A revogação do 73/73 é, ao mesmo tempo, promissora e preocupante. Se, por um lado, vemos reconhecida a especificidade da profissão, e a possibilidade de sermos responsáveis pelas condições do seu exercício, somos também confrontados com a evidente insuficiência da nossa preparação para o fazer. Parece-me evidente a existência de um no man’s land no espaço que corresponde à discussão e responsabilização pelas consequências que as decisões que o projecto assume quanto ao seu caráter, uso, articulação com outros edifícios e com o espaço entre eles, o território, a paisagem, o tempo. Vejo ainda os arquitectos desconfiados perante a crítica de arquitectura e esta demasiado embrenhada na identificação dos seus momentos singulares.
É o universo da reflexão e crítica, tão negligenciado pela disciplina, que se torna fundamental proteger e desenvolver.
(…) O que observamos hoje é uma enorme exponenciação do número de arquitectos, agora incompatível com a escala da situação anterior, transformada em mercado de trabalho. É pertinente pensarmos um espaço que garanta condições de reflexão e de divulgação que nos permita assegurar a competência da arquitectura que se pratica, e que não se limite às instituições académicas. Não me parece, no entanto, que esse papel caiba à Ordem.

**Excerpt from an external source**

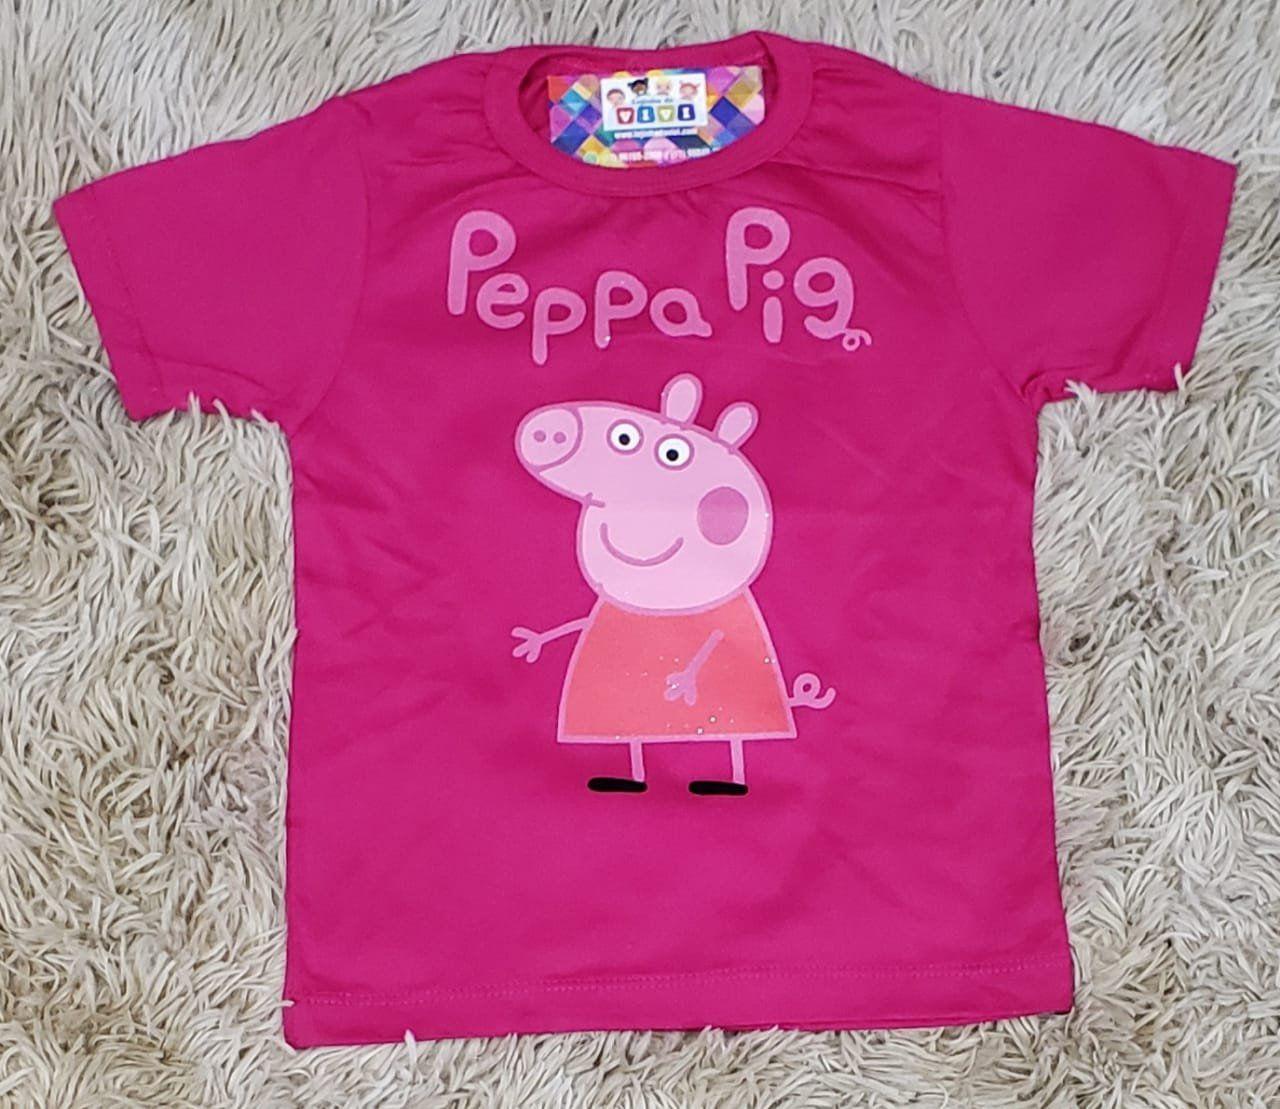 ca18327ae7 Camiseta Peppa Pig Rosa

A Ordem dos Arquitectos não deve correr o risco de, por um lado, defender os interesses dos seus  associados num sentido corporativo e, por outro, desenvolver critérios de qualidade que, em seu nome, constituam factores de diferenciação entre os membros. Este papel devera ser desempenhado por uma instituição independente, uma instituição que faça a ponte entre a Ordem e o Estado, que desenvolva mecanismos de recolha de análise crítica e de intervenção social e institucional, de apoio a iniciativas dos associados, mas que possibilite também a intervenção de gente exterior ao âmbito profissional estrito, gente que possa contribuir para o alargamento e qualificação da discussão. (…)”

Bruno Baldaia
“Ground zero” in JA, n.º 215, Abril, Maio, Junho 2004, pp. 66-67.